- **Instructions for the task**: An exact restatement of the data below, with the pictures removed, is the required answer.

- **Given information**:
---

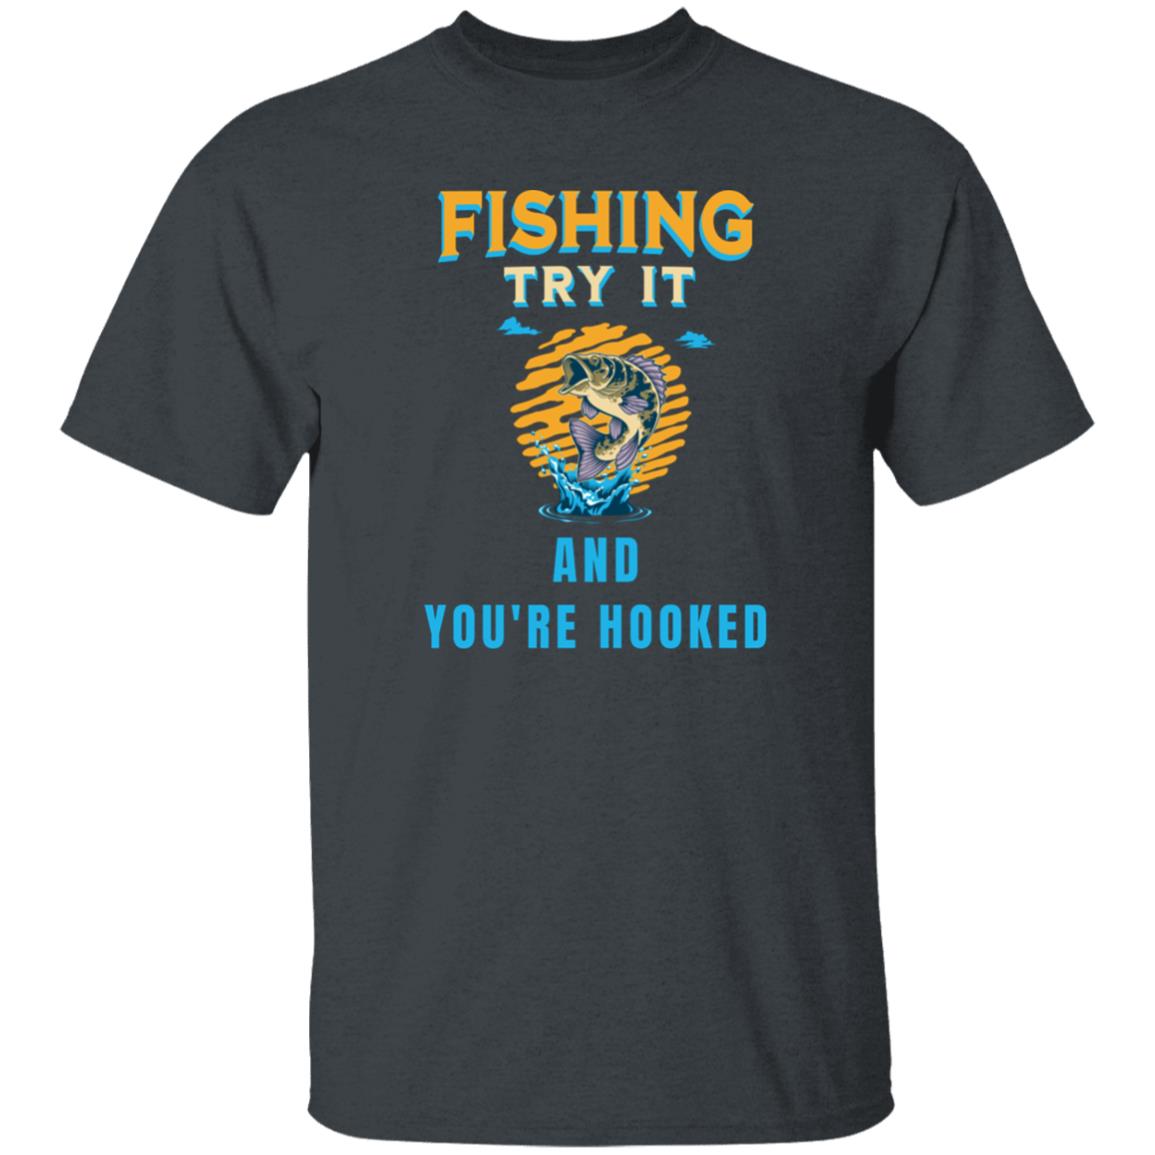 Fishing try it and you're hooked k t-shirt dark-heather
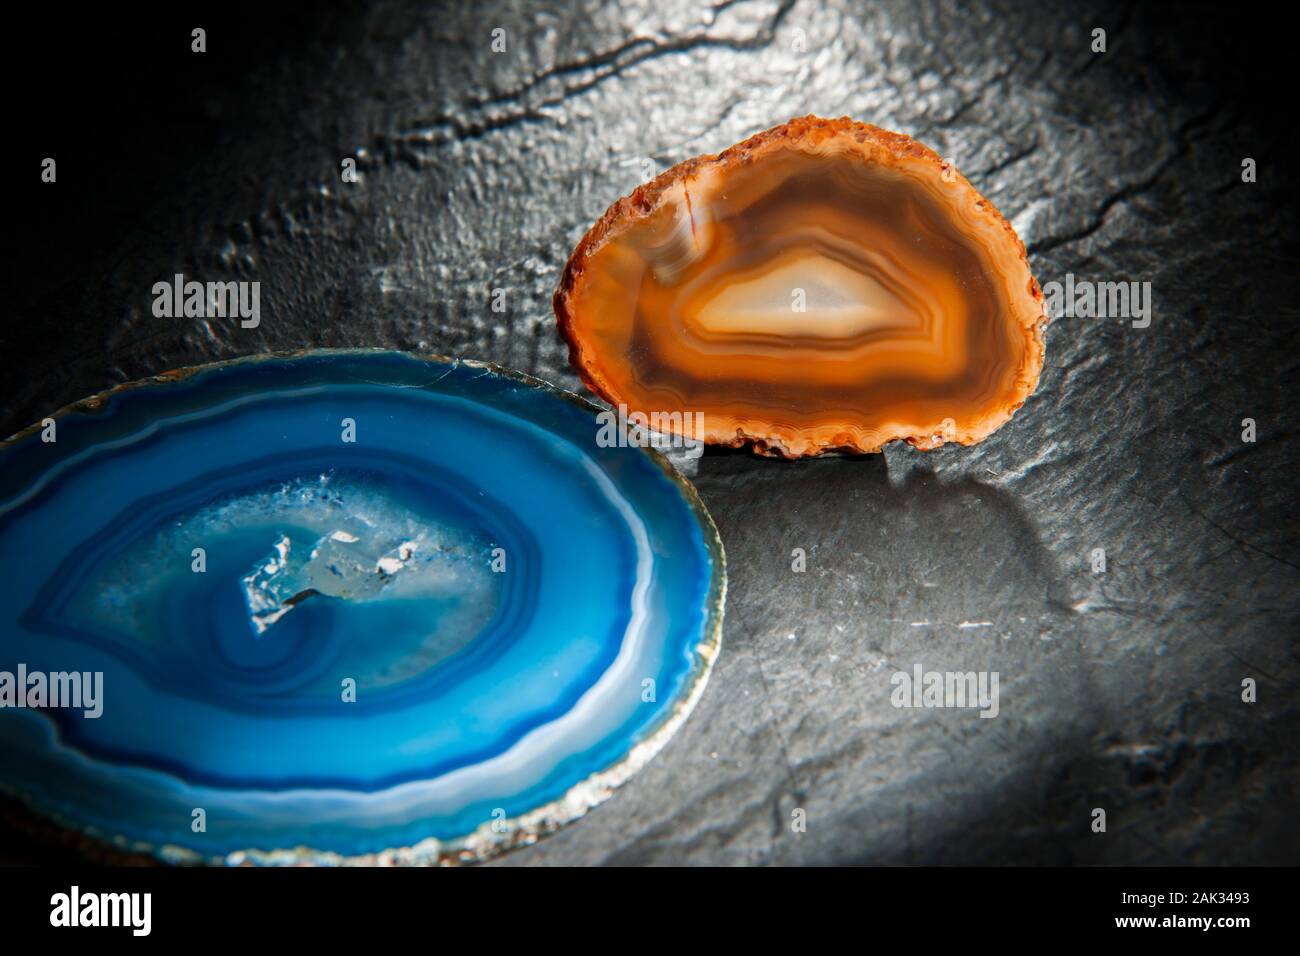 Studio shot of a thin polished disc of a round agate with blue circular banded grain and middle druse (hole) surrounded by crystalline structures. Stock Photo
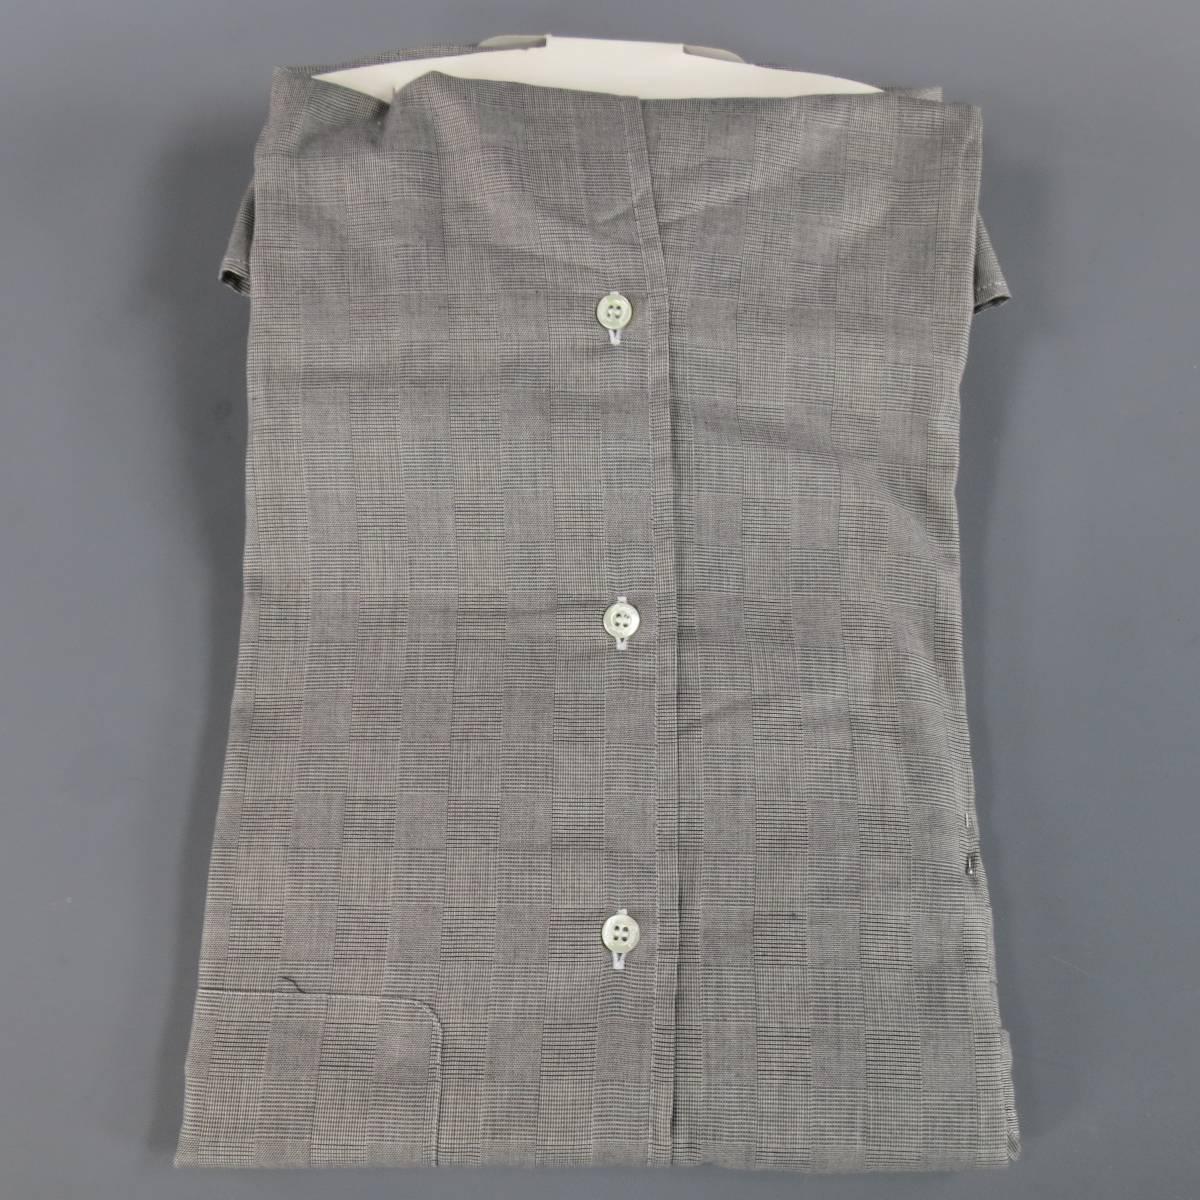 BRIONI Sport Long Sleeve Shirt consists of cotton material in a grey color tone. Designed in a button-up front, patch pocket and pointed collar. Detailed with a checkered pattern and contrast stitching. New with tags. Made in Italy.
 
New Pre-Owned

---

- **Solution to this task**:
 Fishing try it and you're hooked k t-shirt dark-heather
 Studio shot of a thin polished disc of a round agate with blue circular banded grain and middle druse (hole) surrounded by crystalline structures. Stock Photo
 BRIONI Sport Long Sleeve Shirt consists of cotton material in a grey color tone. Designed in a button-up front, patch pocket and pointed collar. Detailed with a checkered pattern and contrast stitching. New with tags. Made in Italy.
 
New Pre-Owned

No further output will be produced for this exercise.